Birth Plan

The onion with the gold skin beside me.
The gold-skinned onion with the maroon rope.
The onion beside me: gold-skinned, tied at its sprouting point
with a blur of maroon yarn.
Gold-skinned. Not like me. Sprouting green.
At the sprouting point a knot of maroon yarn.
Dark maroon like dried blood.
The green keeps growing beside me, I can’t tell but look at them now.
Pointing at me. One two three four five six seven eight nine ten eleven twelve thirteen green.
The yarn is merging with the onion, woven into the thirteen sprouting points.
The yarn curls into itself like an onion.
I think that after the baby is born I am supposed to bury the onion
with the yarn still on – a storm of yarn, a haze of blood, thick and soft.
I want to make a small blanket out of the yarn underground
after the cats have licked the baby clean.
I think I am supposed to go into the snow with a shovel and dig through the dirt,
make an ugly patch of labor, and bury the gold onion. Save the placenta for spring.
We are red and the baby is blue and our hands are raw.
The yarn I must look at but should not touch, it squeaks polyester in my hand.

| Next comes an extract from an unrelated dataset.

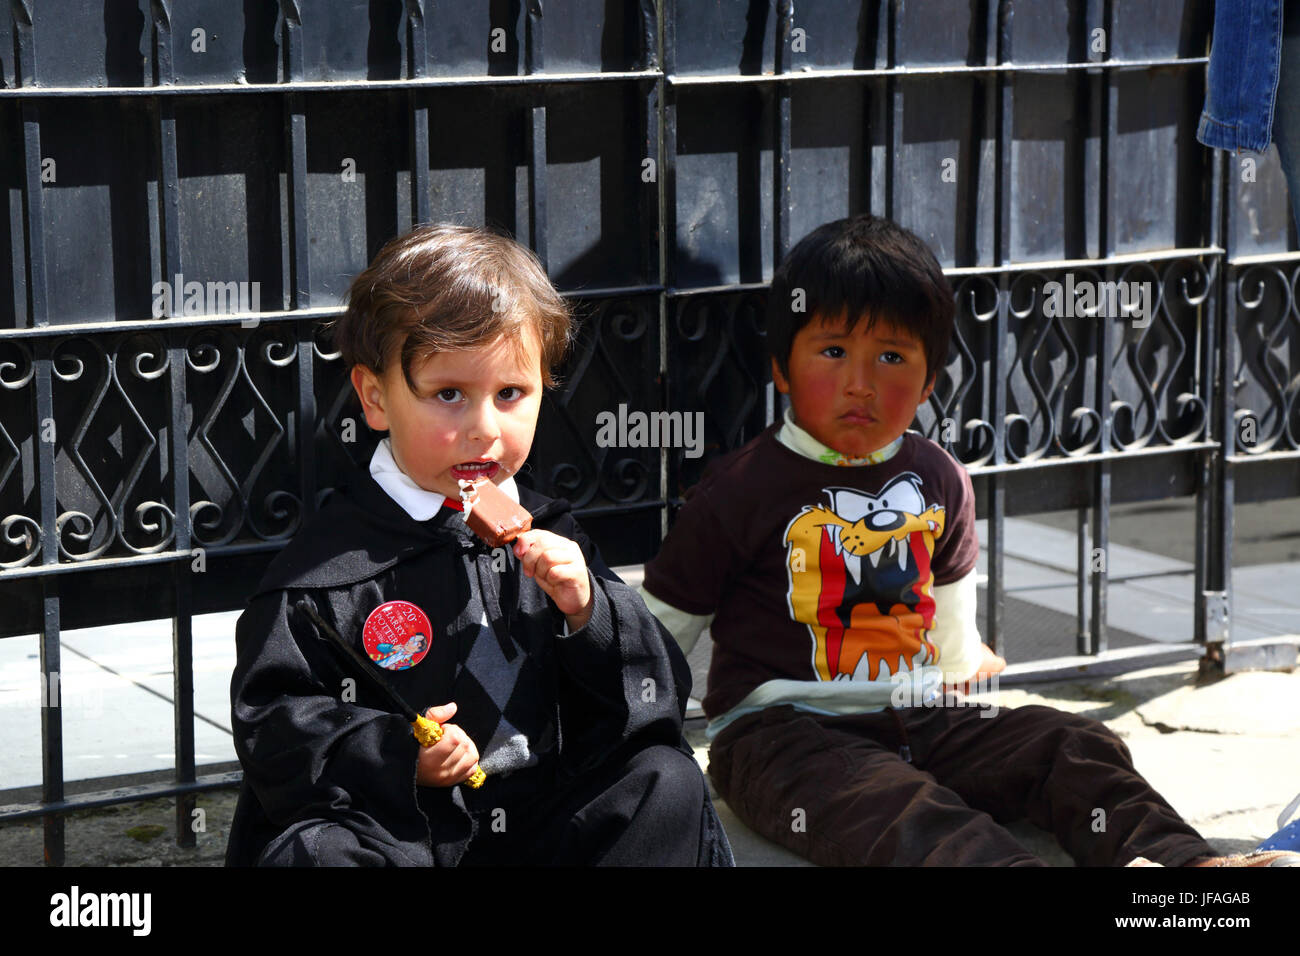 La Paz, Bolivia, 30th June 2017. A young boy dressed as a magician enjoys an ice cream at an event organised by the UK Embassy to celebrate the 20th Anniversary of publication of first Harry Potter book, Harry Potter and the Philosopher's Stone by J.K. Rowling, which was published this week in 1997. Credit: James Brunker/Alamy Live News Stock Photo
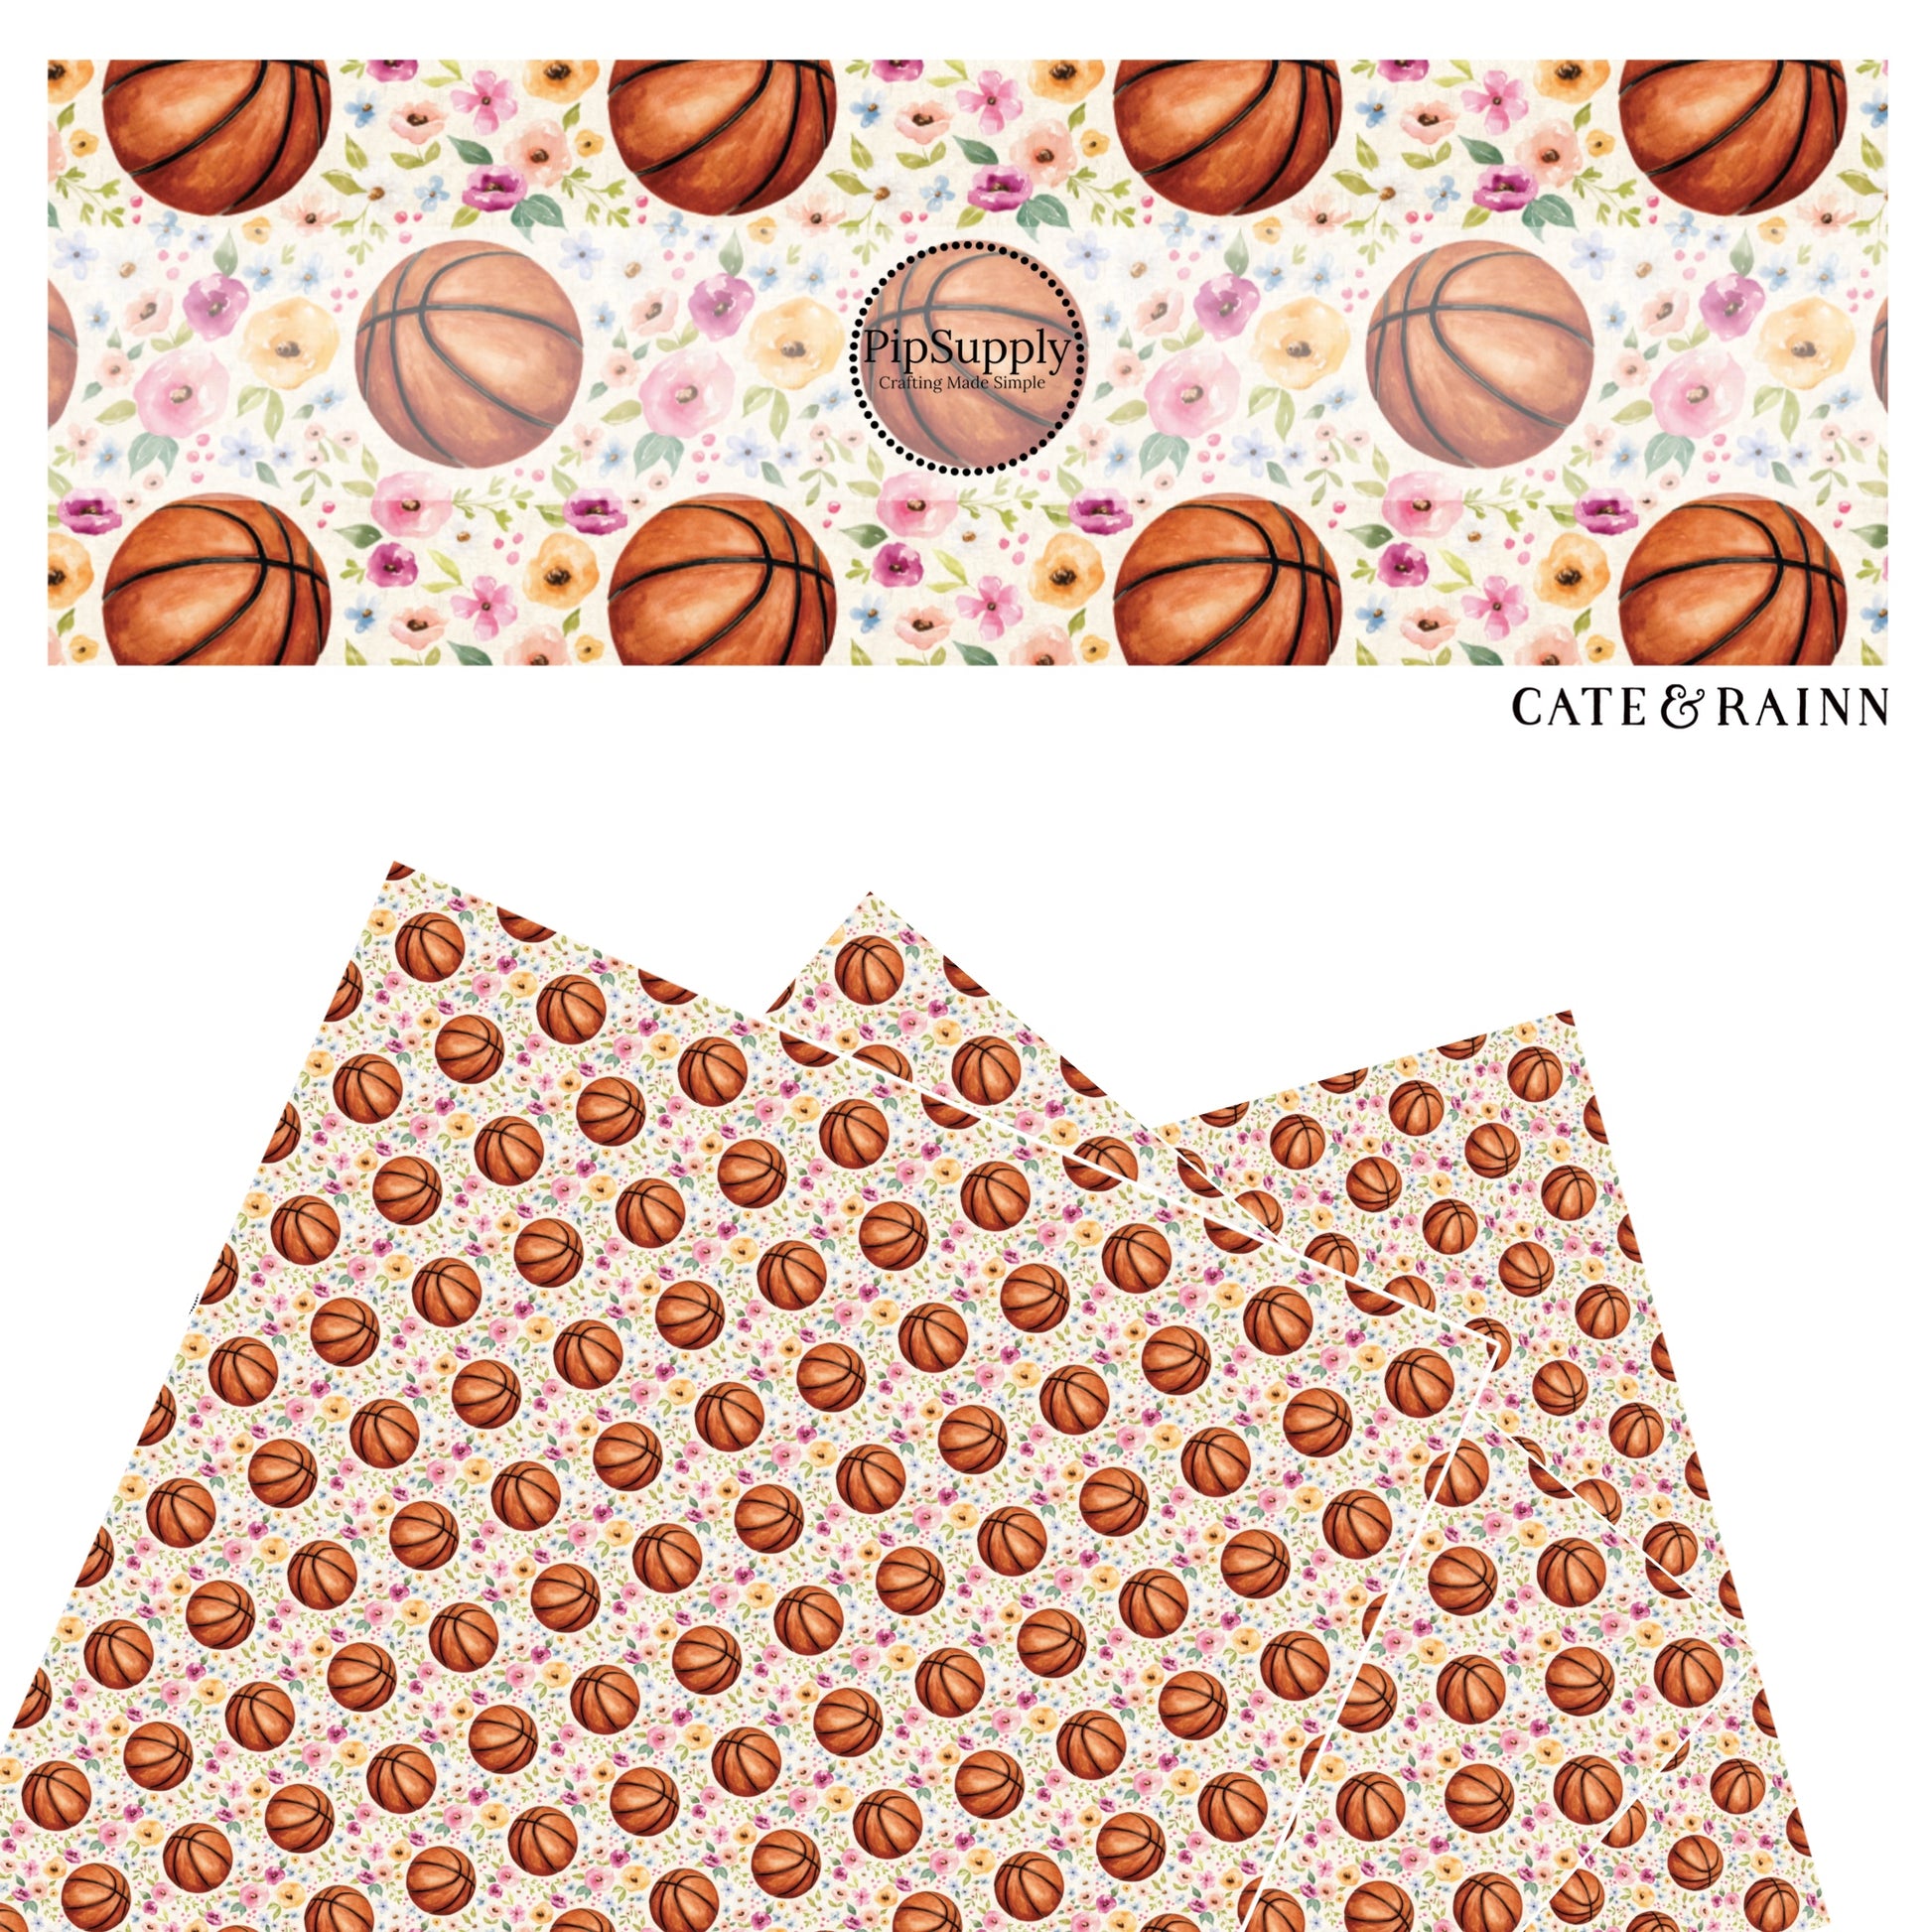 These spring floral sport pattern themed faux leather sheets contain the following design elements: basketballs surrounded by flowers on cream. Our CPSIA compliant faux leather sheets or rolls can be used for all types of crafting projects.

The onion I can look at but not smell. Green sprouting in winter. A blue baby cries.
Growing beside me and inside me in spite of the cold. Growing on chocolate and snow.
A nipple at the bottom of the onion. Scraggly hay.
Lines like road maps, like arteries on the skin.
Paper skin. Baby skin while I labor.
Fur yarn unknown to my adult self. Childhood yarn.
Maroon, dried blood in the shadows, fuchsia at the furriest light.
A maroon spot on the golden onion that no one but itself made.
Paper skin pink where it peels. I would like to labor beside this onion
and give birth to the parts that are green, peeling a baby out of a placenta part by part,
dark yarn attaching us. We are buried nearly all year so that we survive.